Мы за тебя, Петровна
– Слышь, Петровна, – зашептала одна из соседок по палате, – Дочка-то вместе с передачей убежала. Видать, сильно осерчала.
– Пусть идет.
– А чего приходила, а? Вот мой вчерась приходил за доверенностью. Пенсию хочет за меня получить. Пропил свои-то деньги поди. Я не дала. Сын-то у меня оторви и брось. А дочка – хорошая, только несчастная. Муж погиб, детки маленькие. На двух работах лямку тянет…

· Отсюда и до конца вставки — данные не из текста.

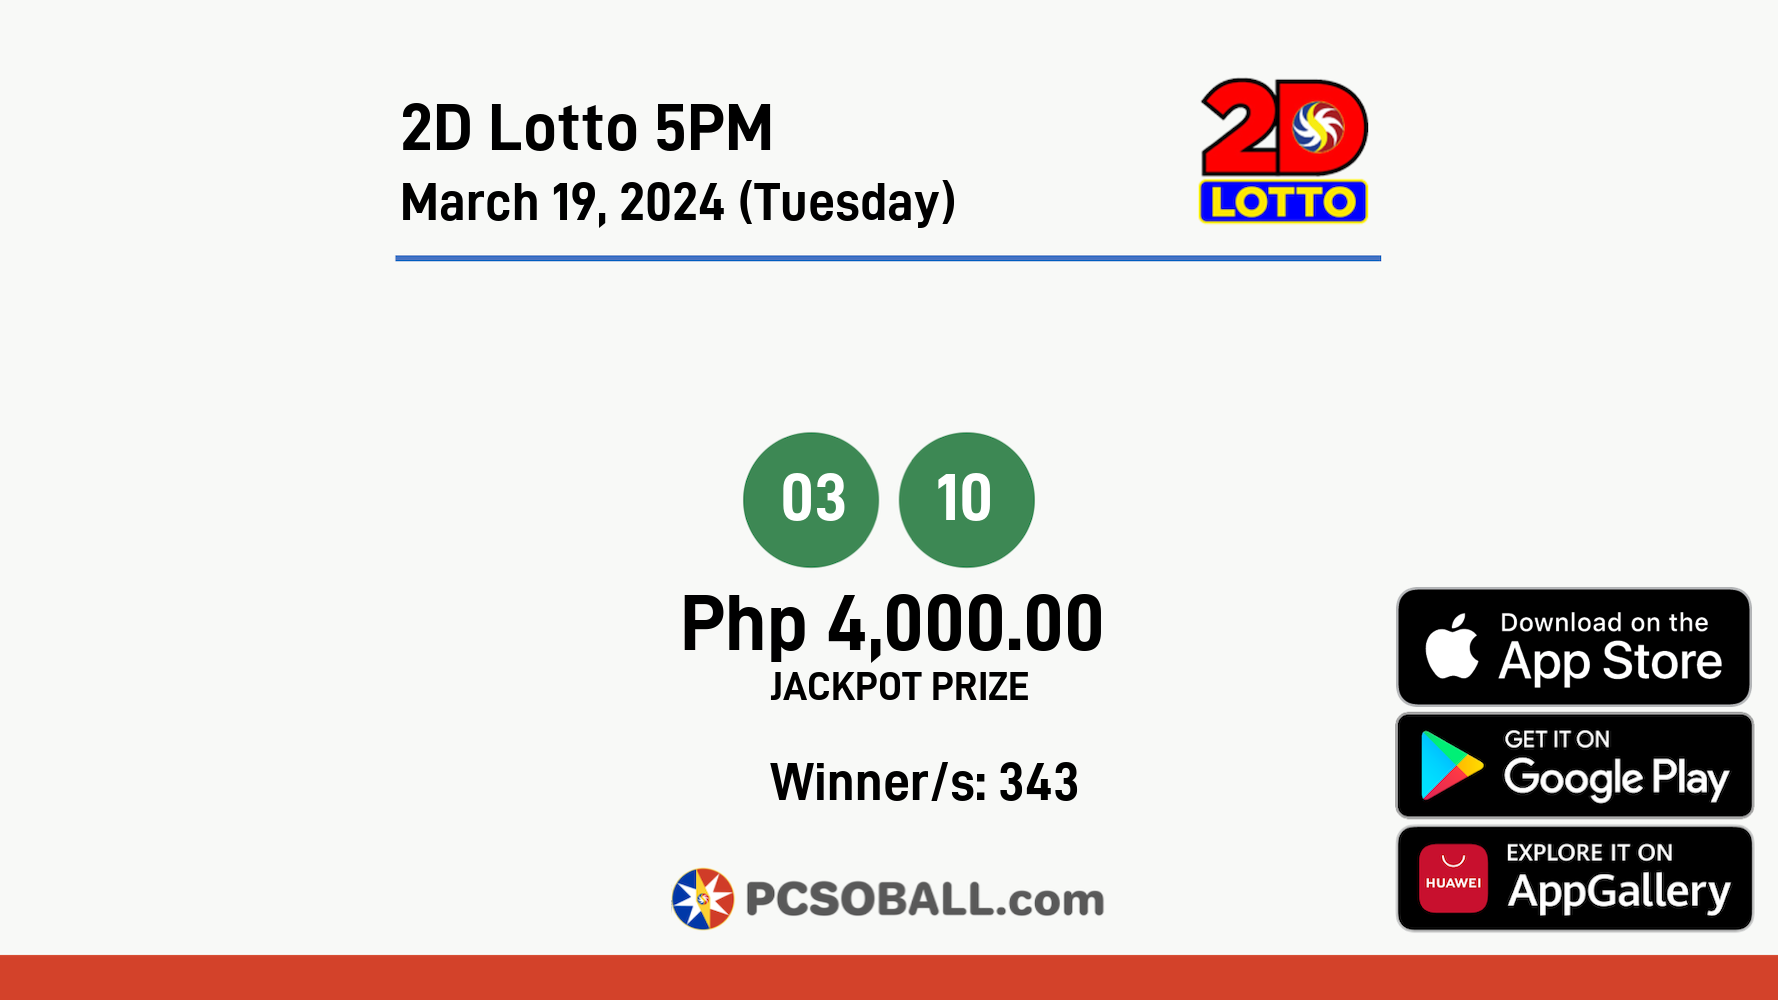 2D Lotto 5PM March 19, 2024 (Tuesday) Result

– Видела я дочку, Валя, она позавчера к тебе приходила. Красавица. Еще встретит свою судьбу, – втянулась в разговор еще одна больная, – Ты не приставай к Петровне, видишь, тяжело ей. И так сердце никуда не годное, а еще ходят-клюют. Вороны.
– Да ладно вам, их тоже понять можно, – откликнулась, наконец, Петровна, – Только трудно это все. Решение никак не дается мне. Вы ведь ничего не знаете. Двое детей у меня. Две дочери. А внуков – трое. И все по-своему устроенные, вроде. И каждому квартира моя нужна. А квартира – одна. Не знаю я, как все поровну поделить. Да и ждать никто не хочет, – Та, которую называли Петровной, вздохнула, – младшая дочь требует все меньшой внучке отписать. Есть в этом резон – у нее, Ирины, двое ведь. Старшая просит для Вити, старшего внучка, подарок сделать, он институт заканчивает. Тоже, вроде как права. Вот и попала я в больницу от дум этих.
– Мы за тебя, Петровна. Ты никому не отписывай. Вот помрешь – пусть тогда и решают.
– Ой, Валя. Страшно мне, что они из-за добра этого на всю жизнь врагами останутся…
Временно надолго
– Мама, ты как хочешь, а Витя у тебя пока поживет. Ты все равно в больнице.
– Как же это, Нина?
– Ну, как… Кстати, вот тебе фрукты, вот чай, вот печенье, как просила,– заторопилась женщина, – У него девушка появилась. Дело-то молодое. Вот пускай пока поживут в отдельной квартире. Сама понимаешь. У нас ведь тесно.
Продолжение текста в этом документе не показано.